I am interested in hearing how people deal with unit tests in general in Jupyter.
We maintain for our users an image of a Jupyter Lab server running in Kubernetes. We use Z2JH deployed with the helm chart.
The integrated libraries in the image (mostly Python and a bit of Perl) come from our own team or from third parties.
So far we do our validation tests of the image completely manually in the browser by using some representative notebooks to get a feel that everything is ok. Once validated, we make this new image what the users actually use.
We would like to automate that validation and integrate it into our CI/CD pipeline.

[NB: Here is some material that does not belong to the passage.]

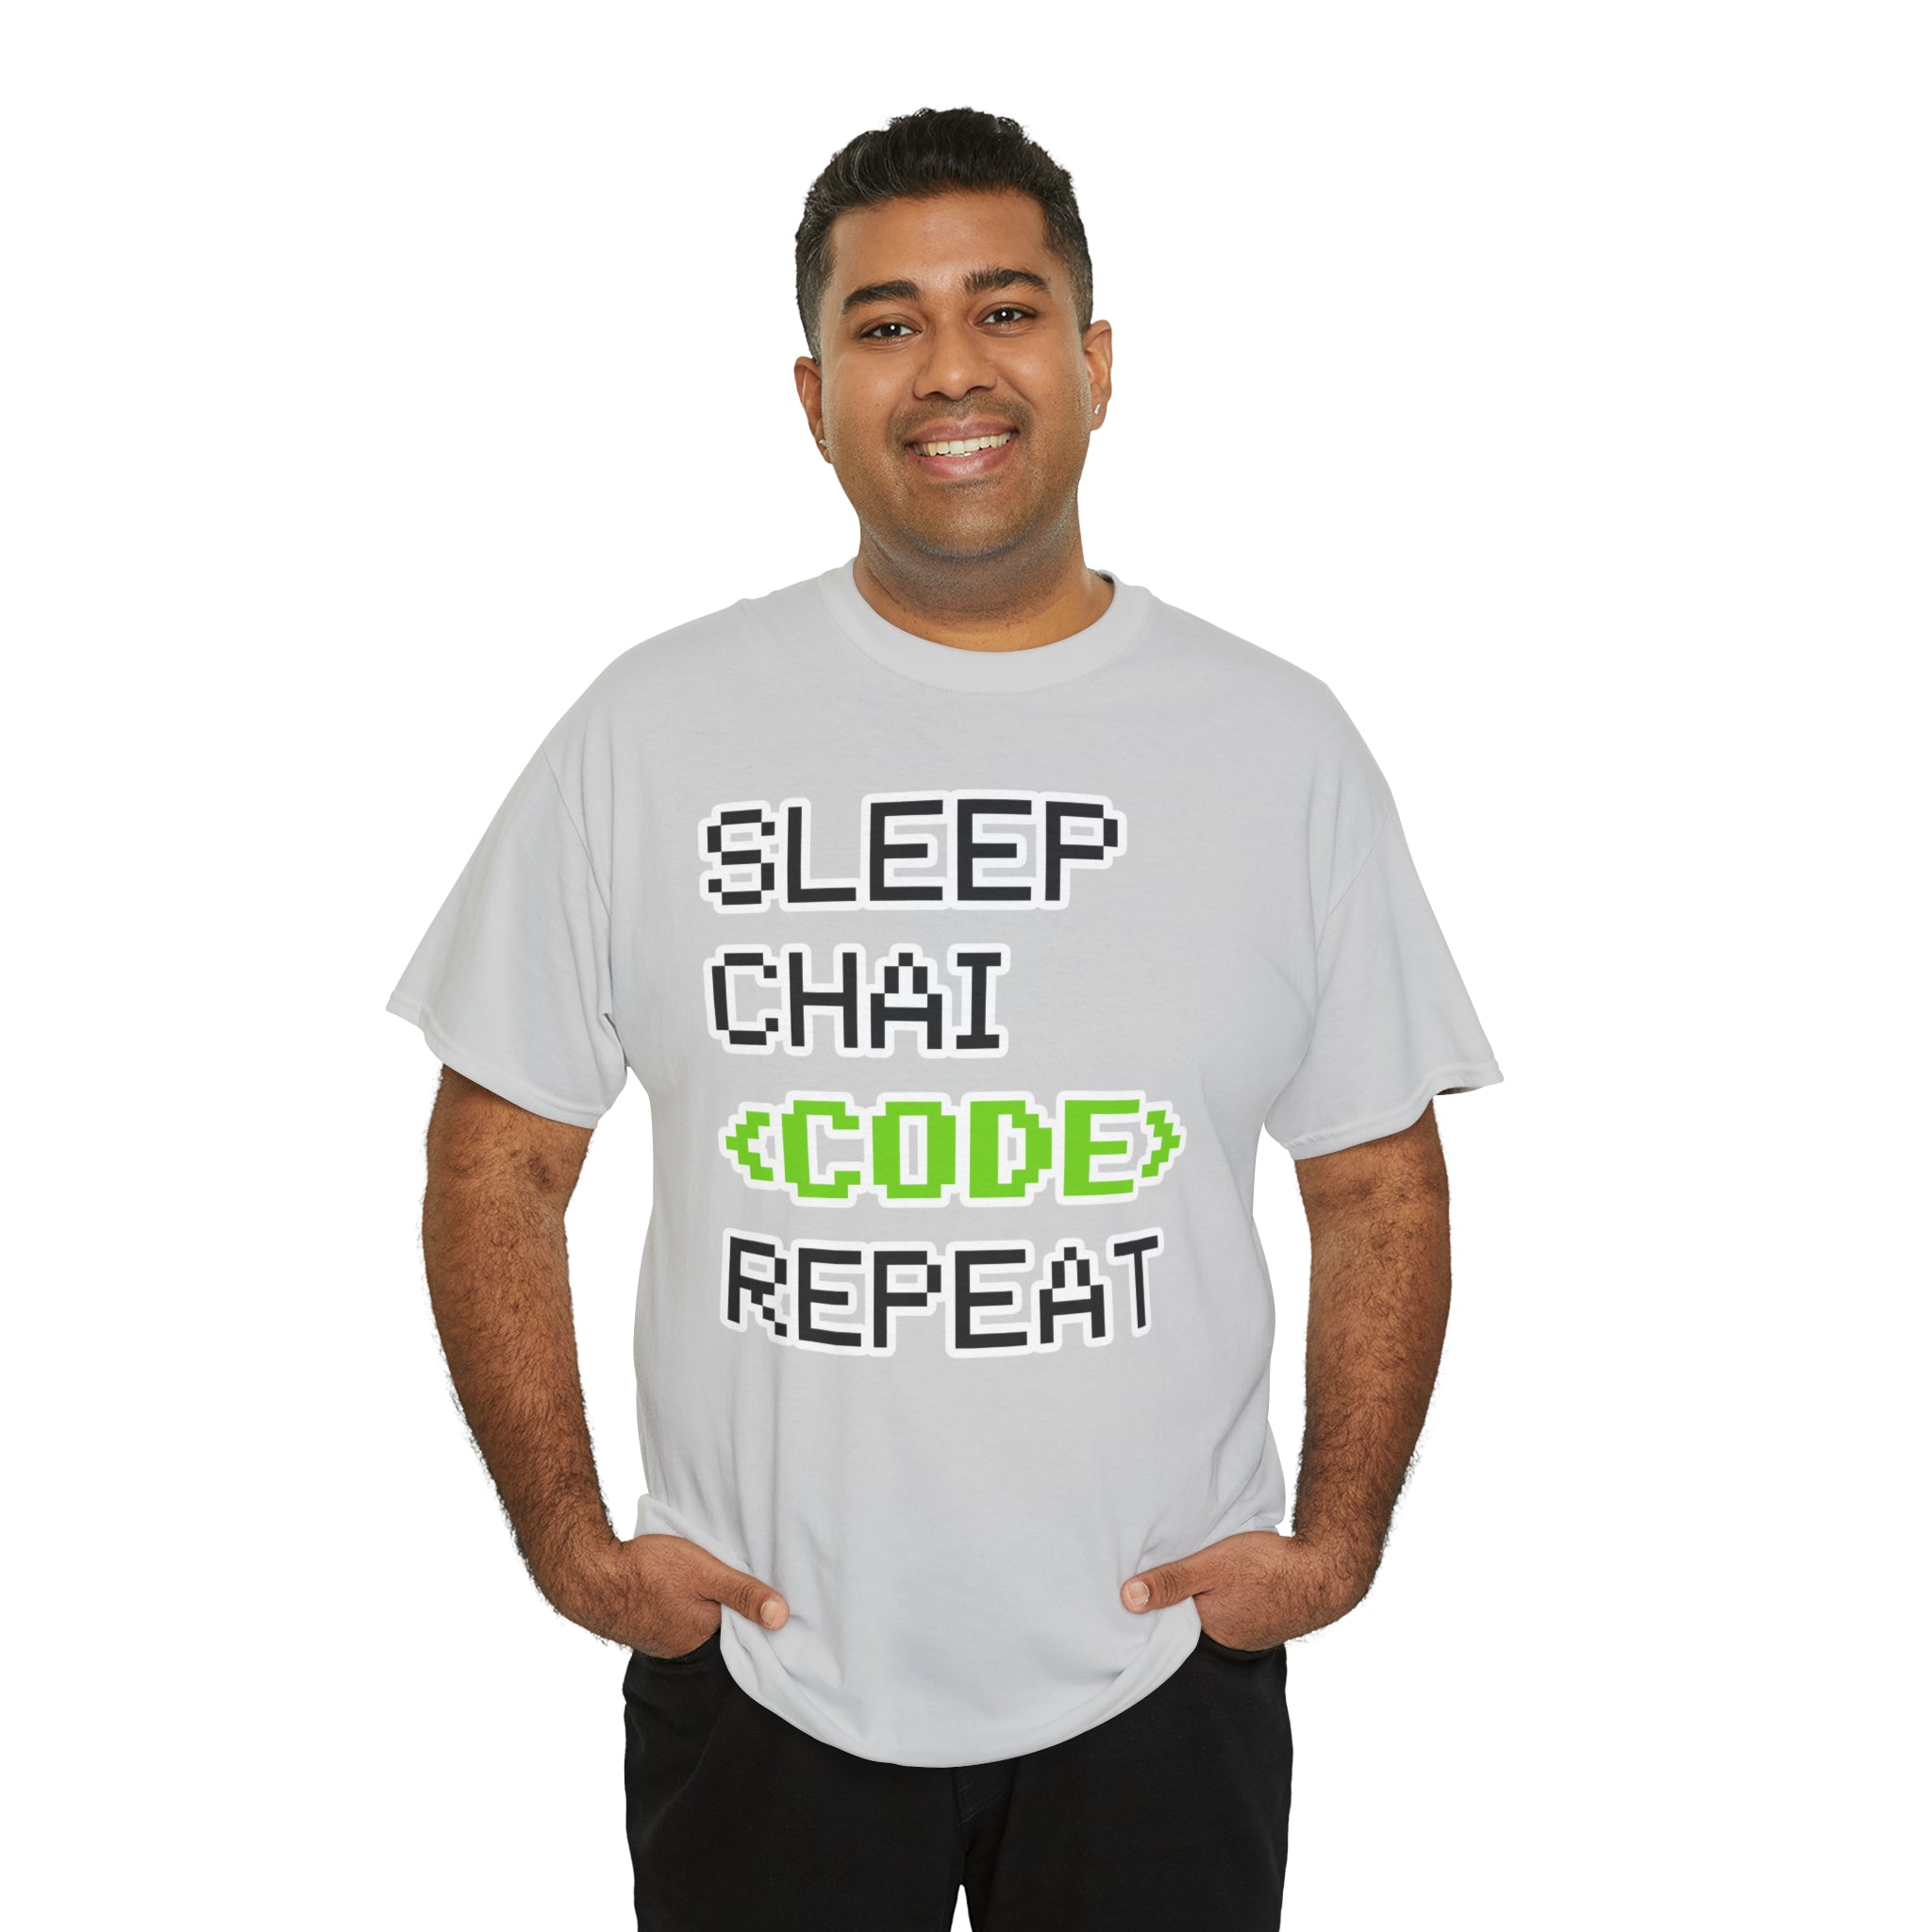 Sleep Chai Code Repeat T-Shirt Design by C&C

I have many questions because of the way we deploy things:
can specific notebooks be launched from the CLI in such an environment? I am thinking for instance about running as soon as the server starts a set of specific notebooks that would output on stdout the results of tests and terminate the server. Maybe there is something more robust than that already?
what’s a way to start from the cli a specific profile. I envision our Cloud Build CI would talk to the kubernetes cluster and be able to start a specific user profile to run the validation tests.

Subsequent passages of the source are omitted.